M was listening to D shout the name of a hotel, and looking over G's shoulder as the latter typed faster and louder. Seven hundred and fifty words were far back on the side of the road.

"Frustum? What the hell is a frustum? There's no such word," he said.

"Ask D. He's an Englishman. He has a large vocabulary," said G.

"Hey, D? Have you ever heard of a frustum?" said M into the bakelite.

There was a Beckettian pause on the telephone. Then D was heard to say: "A frustum, my dear chep, is what would remain were I to saw off the topmost part of your head. I know that you have been quite sensitive about that part of your anatomy of late - "
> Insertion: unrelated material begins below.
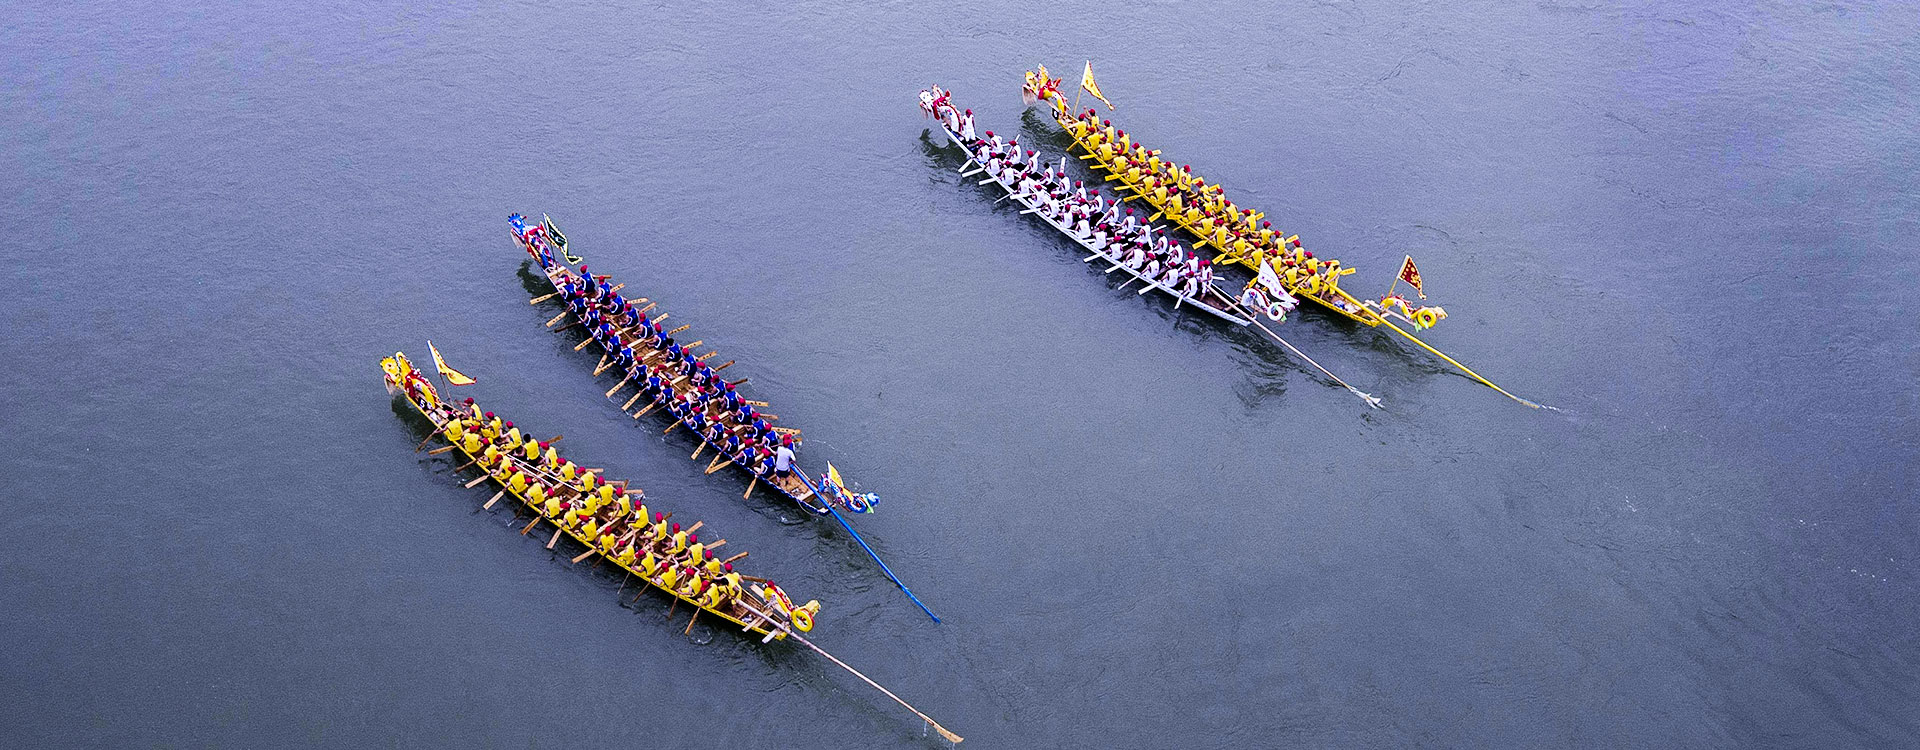 Chongqing-Wulong-Dragon-Boat-Festival-C740.jpg

"That just goes to show how much you know, Mr. Smarty English Remittance Man," said M, with an insincere smile in his voice. "Not a half hour ago the topmost part of my head was being held in the long hairless arms of an apprentice reporter."

"In any case, I can't stay on the line, because I am speaking long distance," said D.

"Where are you?"

"Where, indeed. I was mulling that very question not more than an hour ago. Where are we all? Where is Sylvia, what is she?"

"She's a hotel," said M.

"No, my Arctic-born acolyte," said D in his Christopher Plummer voice. "You will some day learn that Leonard Cohen, the young Montreal poet and actor, is a hotel. Sylvia is simply the name of the woman on my lap. Say hello to M, my dear."

"Hello, M." It was the kind of voice that could strip words from the page.

"Make sure that she comes to the Sylvia with you. Apparently we are meeting there for drinks tonight."

"-30-!" shouted G, and ripped tomorrow's column from the Underwood.